Il y a, dans la manière dont l’IA juridique se présente aujourd’hui, une obsession de la démonstration. Chaque interaction est traitée comme une nouvelle occasion d’impressionner : une nouvelle question, une nouvelle réponse, un nouvel exploit linguistique. Le modèle redémarre à zéro, mobilise toutes ses capacités, produit quelque chose de plausiblement remarquable, puis oublie. À la question suivante, il recommencera, vierge, comme si rien n’avait précédé.
Ce mode est excellent pour une démonstration, où chaque échange est isolé et où l’effet recherché est l’éblouissement ponctuel.
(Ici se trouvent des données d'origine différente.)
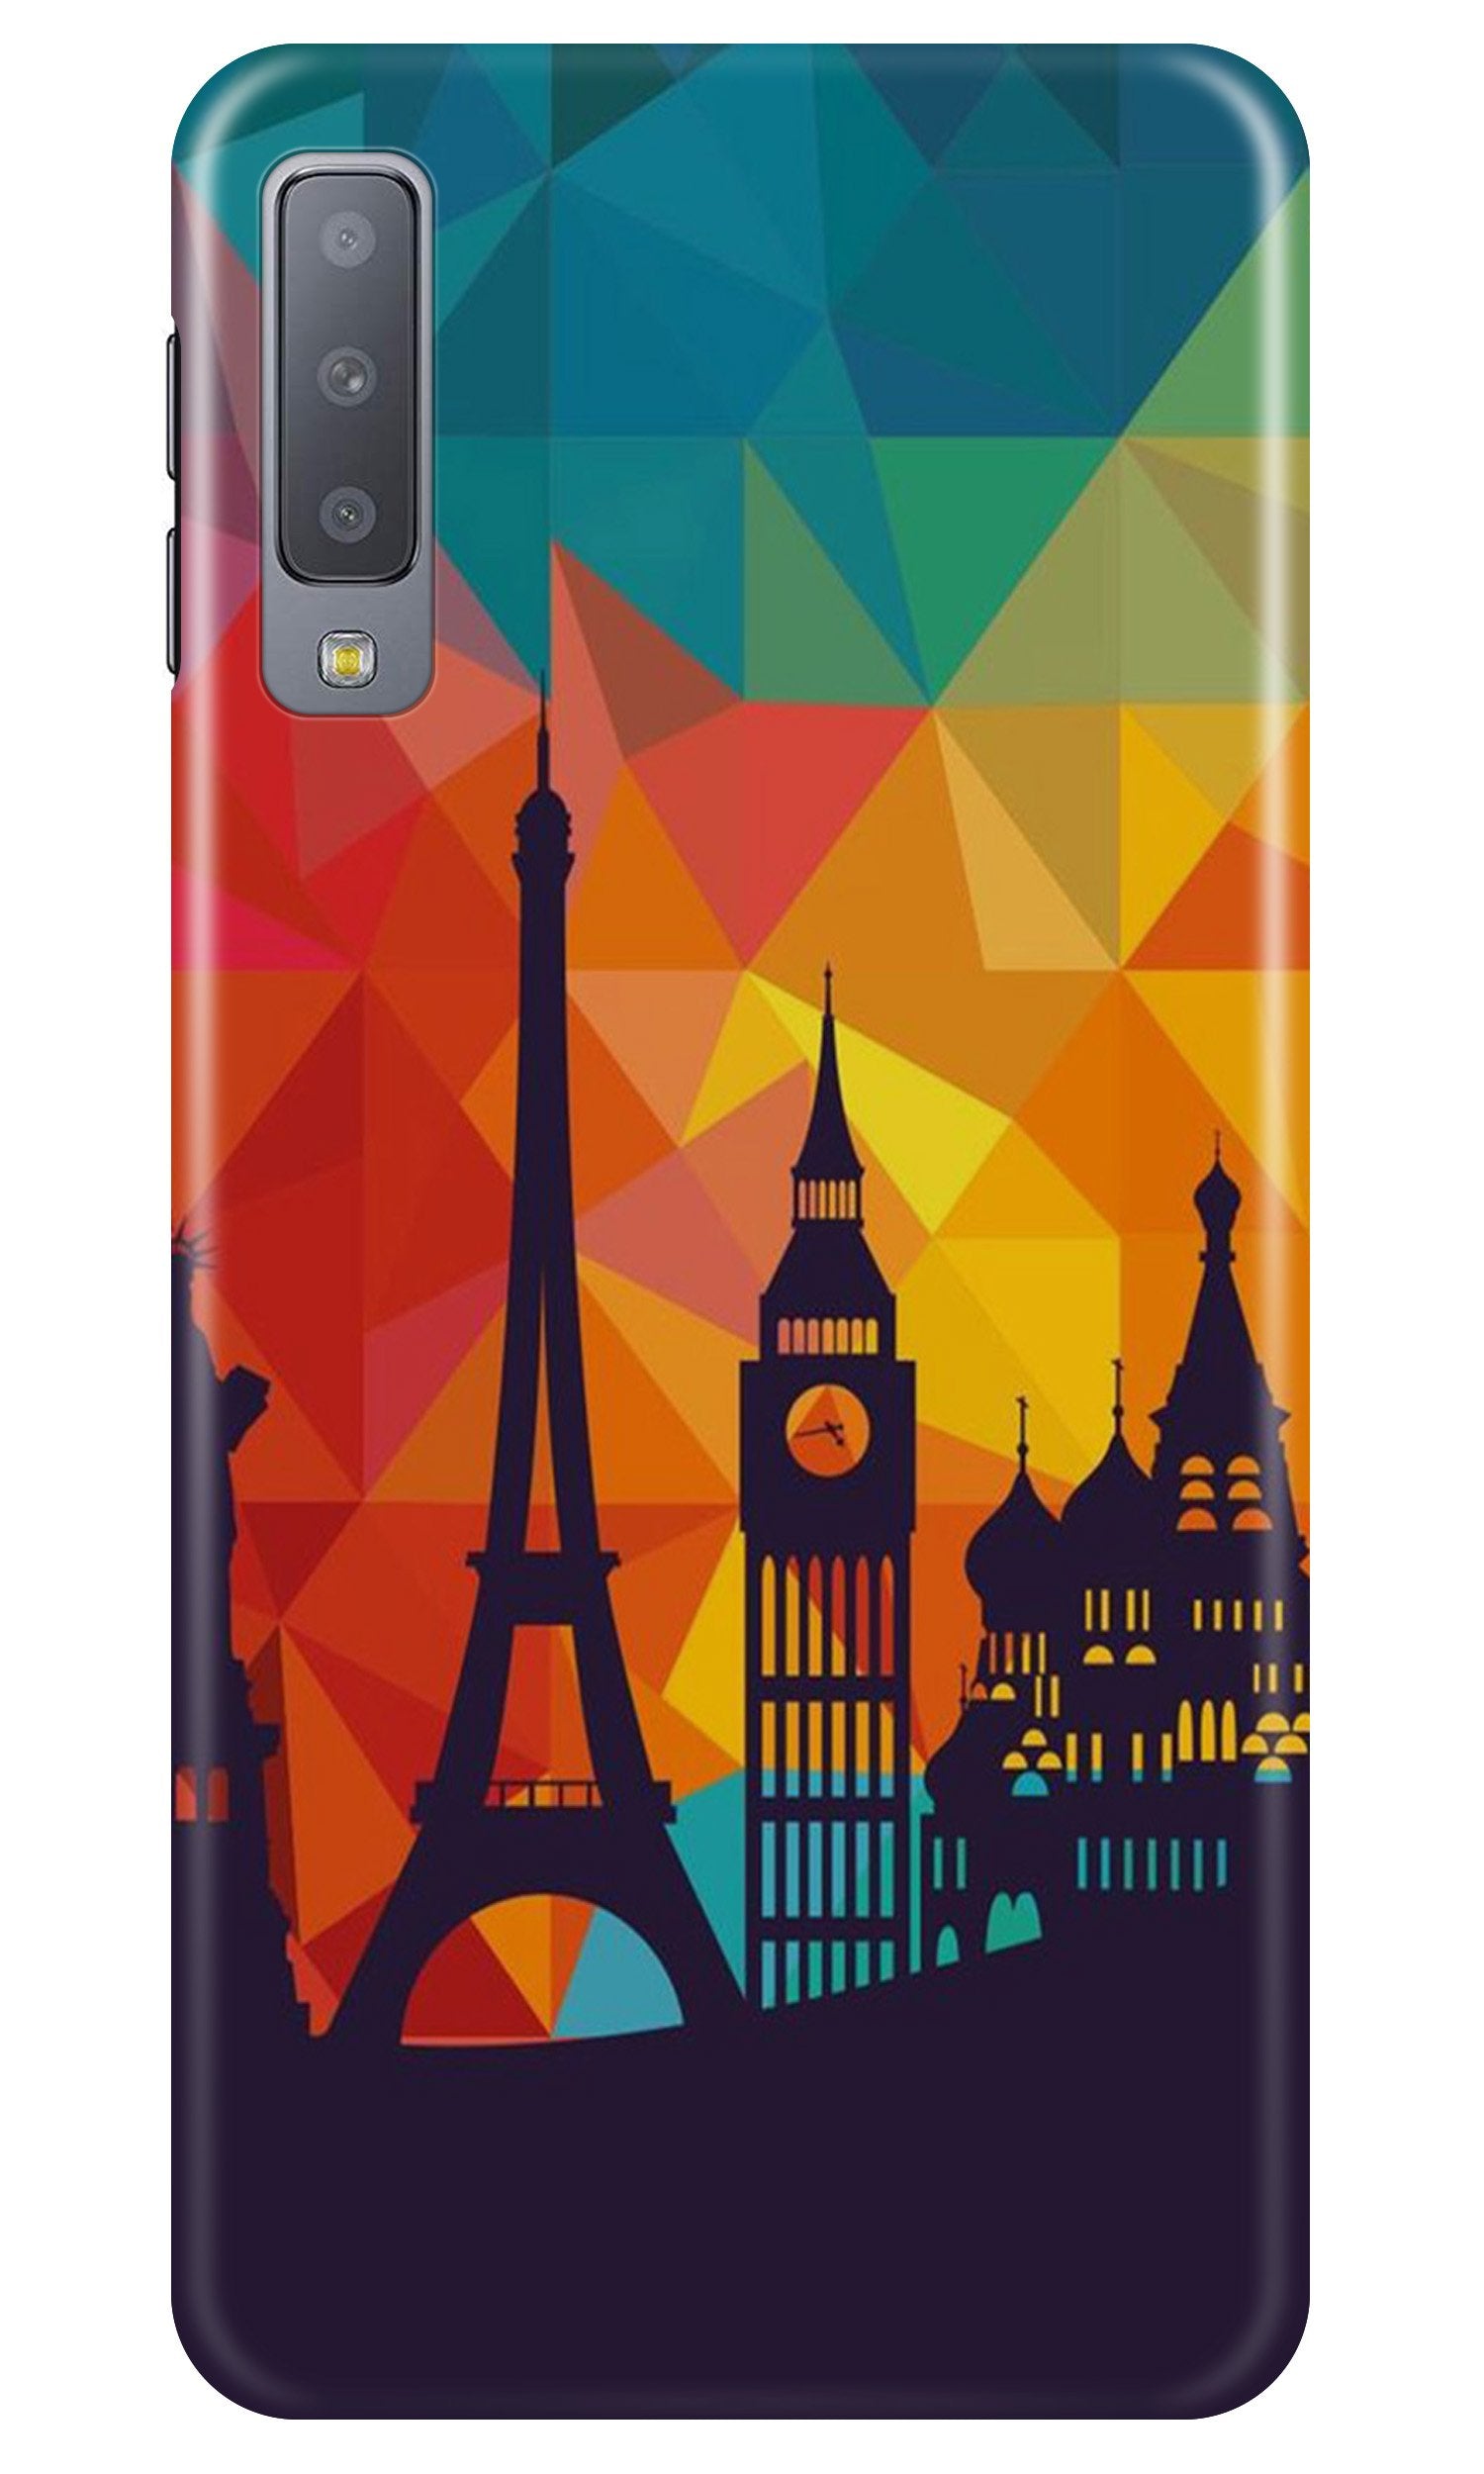 Eiffel Tower2 Case for Samsung Galaxy A50s
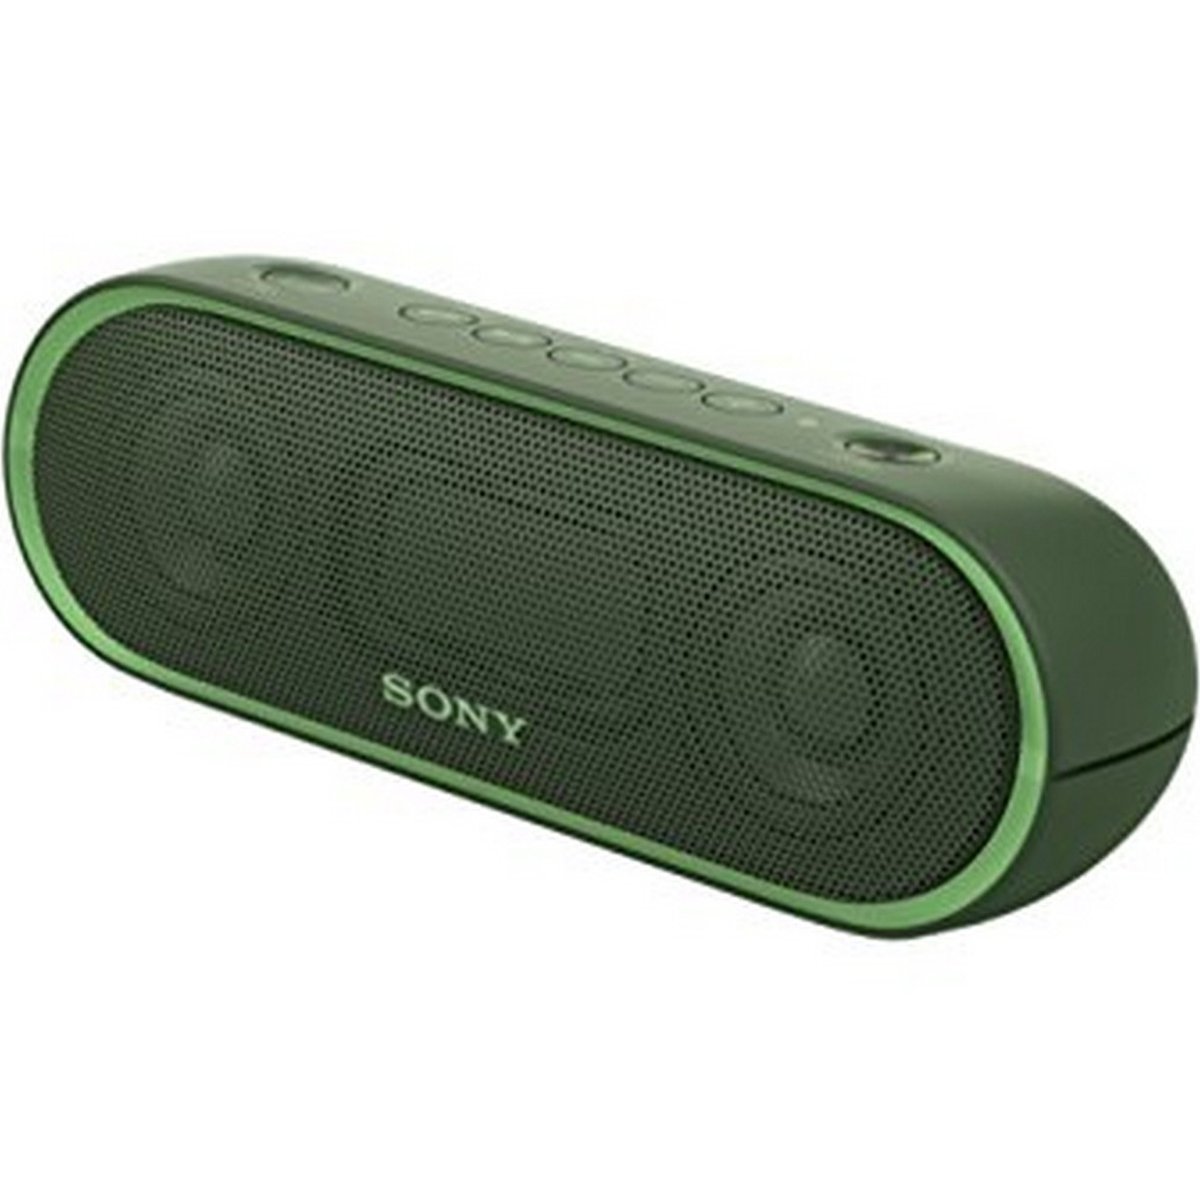 Sony Portable Wireless Bluetooth Speaker SRS-XB20 Green

Il est mauvais pour le travail juridique réel, qui n’est pas une succession d’échanges isolés mais une continuité, un même dossier repris jour après jour par les mêmes personnes. Ce qui fait une bonne démonstration et ce qui fait un bon outil de travail ne sont pas seulement différents : sur ce point précis, ils sont opposés.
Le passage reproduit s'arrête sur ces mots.